Strona:PL G Füllborn Tajemnice stolicy świata.djvu/239

Ta strona została przepisana.

Noc Narodzenia Pańskiego! Któreż serce dziecięce nie bije silniéj, słysząc te słowa? czyjeż oko tych pięknych godzin w roku nie wygląda?
Małgorzata nigdy nie stała przy palącém się, pachnącém drzewie — nigdy kochająca ręka nie przygotowała dla niéj także tak małego podarku, nigdy nie podzielała uciechy, większą część dzieci stołecznych przyjmującéj.. Zawsze poprzestawać musiała na przypatrywaniu się tak jak dzisiaj z boku, stojąc za oknem i poglądając w izby, w których się paliło świąteczne drzewko — śmiała się przez łzy, widząc radość skaczących w koło stołu dzieci, i długo, długo patrzała na kochane świecące drzewko, na którém tkwi najpiękniejszy urok, nietylko dla dzieci ale i dla obdarzających...
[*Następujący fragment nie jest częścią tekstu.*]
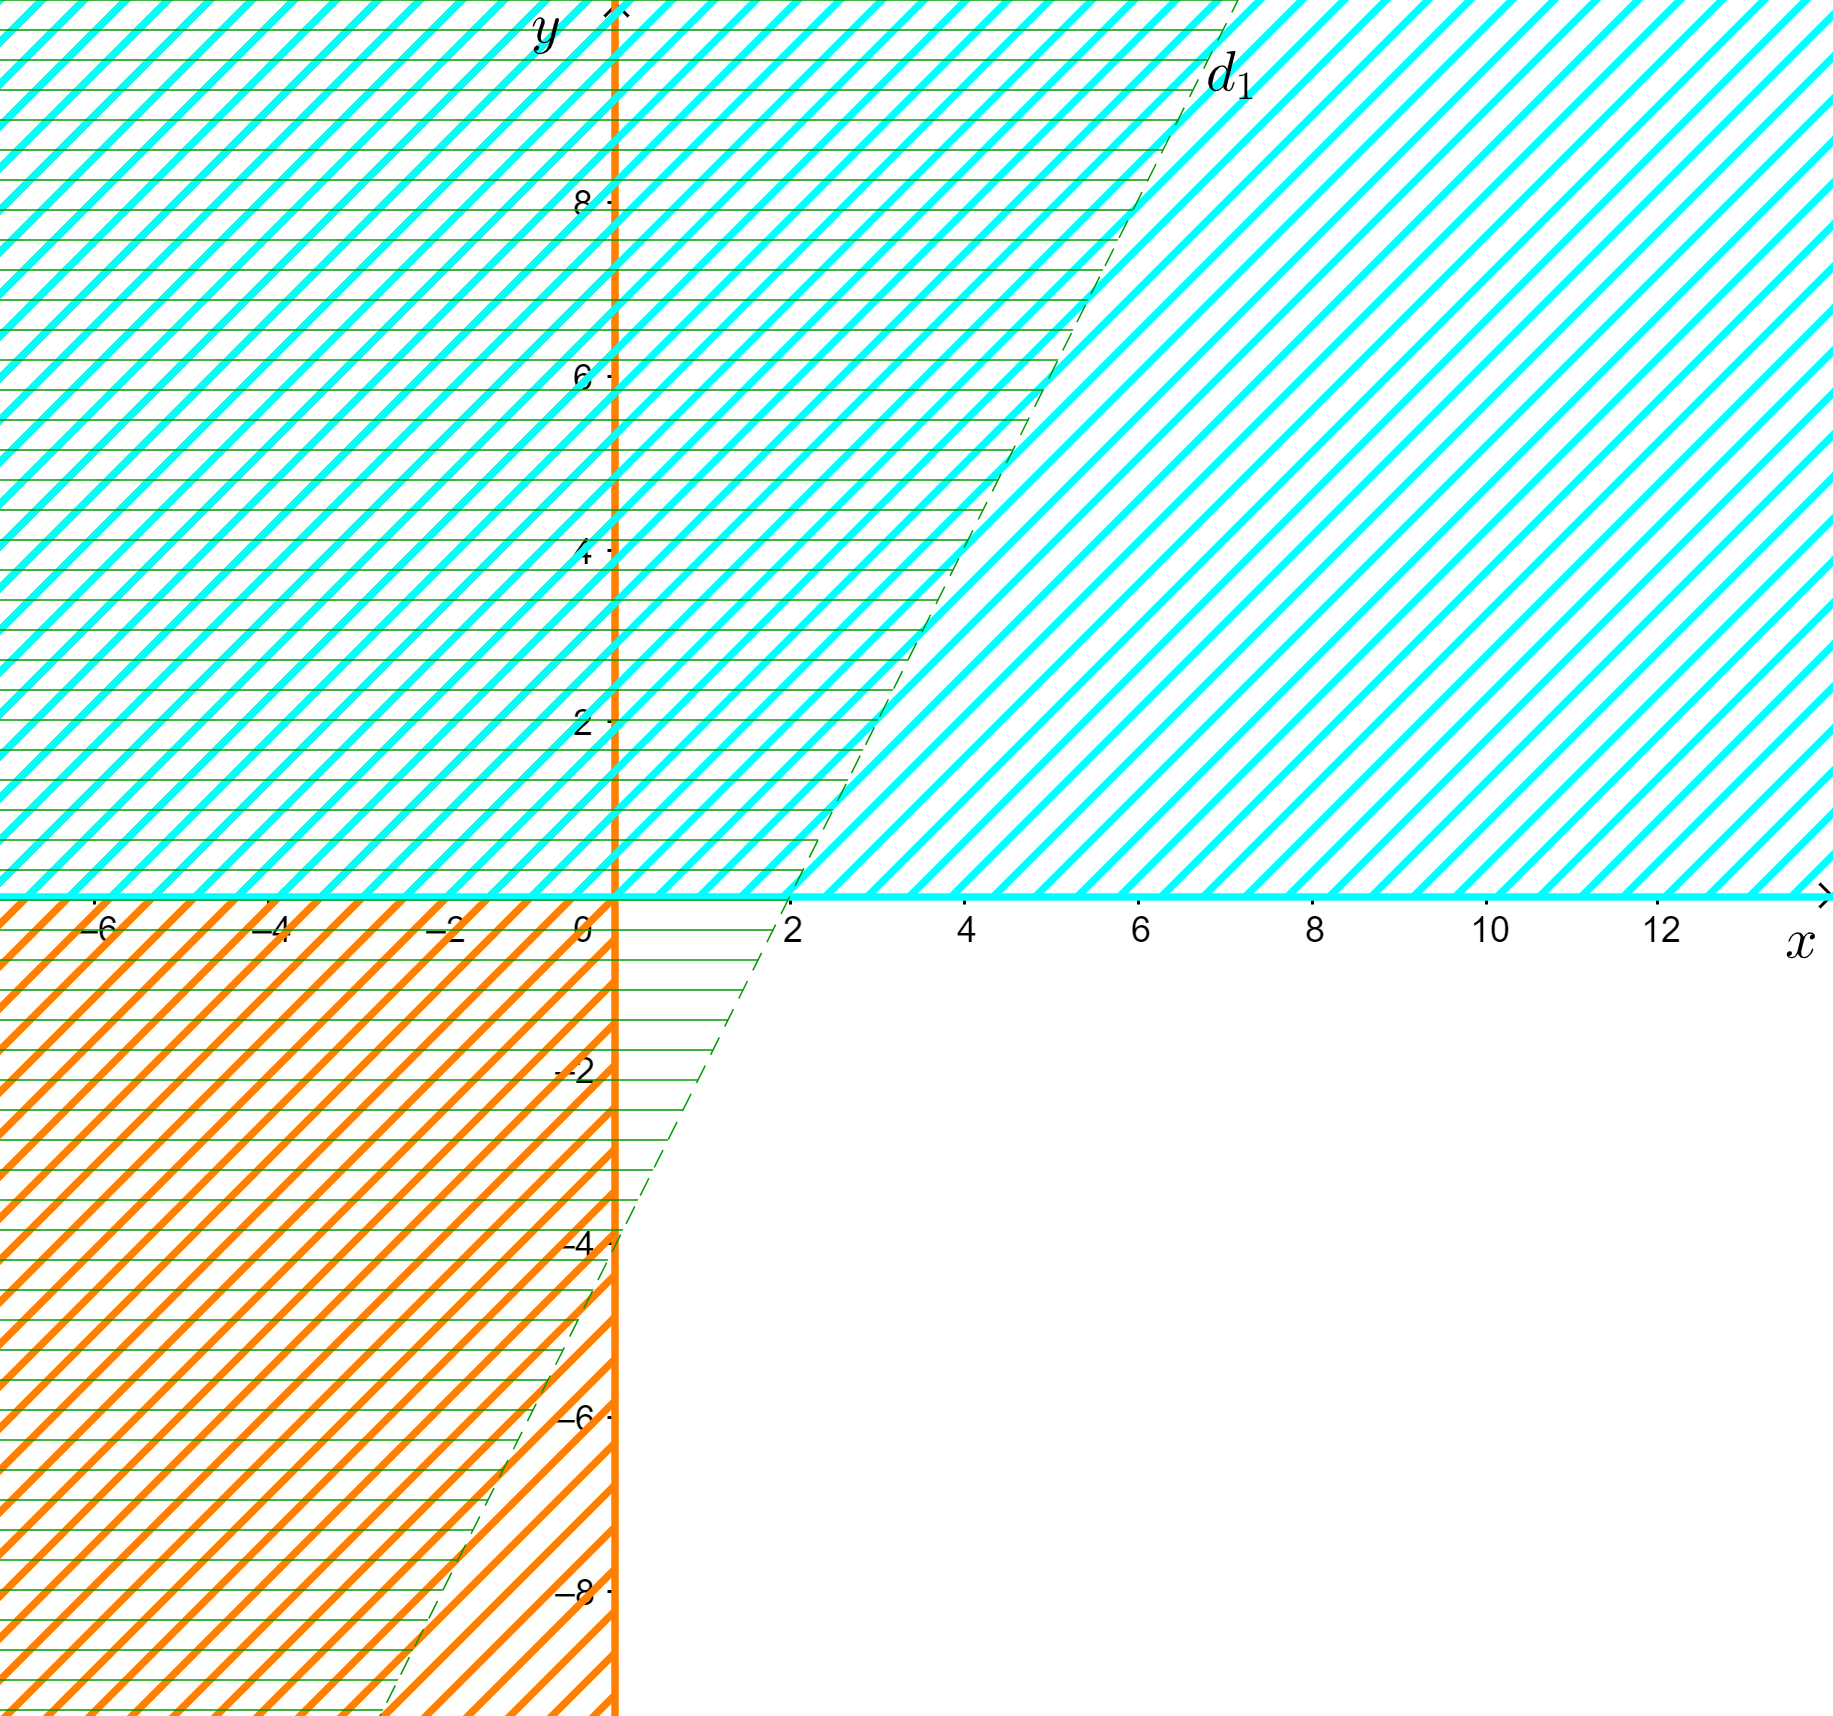 Biểu diễn miền nghiệm của hệ bất phương trình: x+2y<-4 và y≥x+5

Tak stała ona dzisiaj z boku na drodze i patrzała przez okno na zapalone drzewko — była to noc Narodzenia Pańskiego, a nie wiedziała nawet o tém. A przecięż był człowiek, któryby niewypowiedzianie chętnie to święto uczynił jéj najpiękniejsém w życiu, któryby tęsknił do widzenia i miłością wynagrodził wszelką jéj wycierpianą nędzę — ale ona o tém nie wiedziała — i nie znalazł jéj, chociaż przed godziną był tak blizko jak to w jednym z następujących rozdziałów obaczymy.
Pożegnała świecące okno i pod cieniem domów szła daléj ulicami. Niejeden późno wracający spojrzał litośnie i zdziwiony na dziewczynę, która chustką owinięta przebiegała koło niego, która tak późno po ulicach się wałęsała, kiedy wszędzie panowała radość i uciecha — ale nawet sami strażnicy nie wołali na nią, ani jéj zatrzywali pytaniem, dokąd z rozpuszczouemi włosami i w nędznéj sukience nocą pośpiesza — nieszczęście szło z nią i odstręczało od niéj ludzi.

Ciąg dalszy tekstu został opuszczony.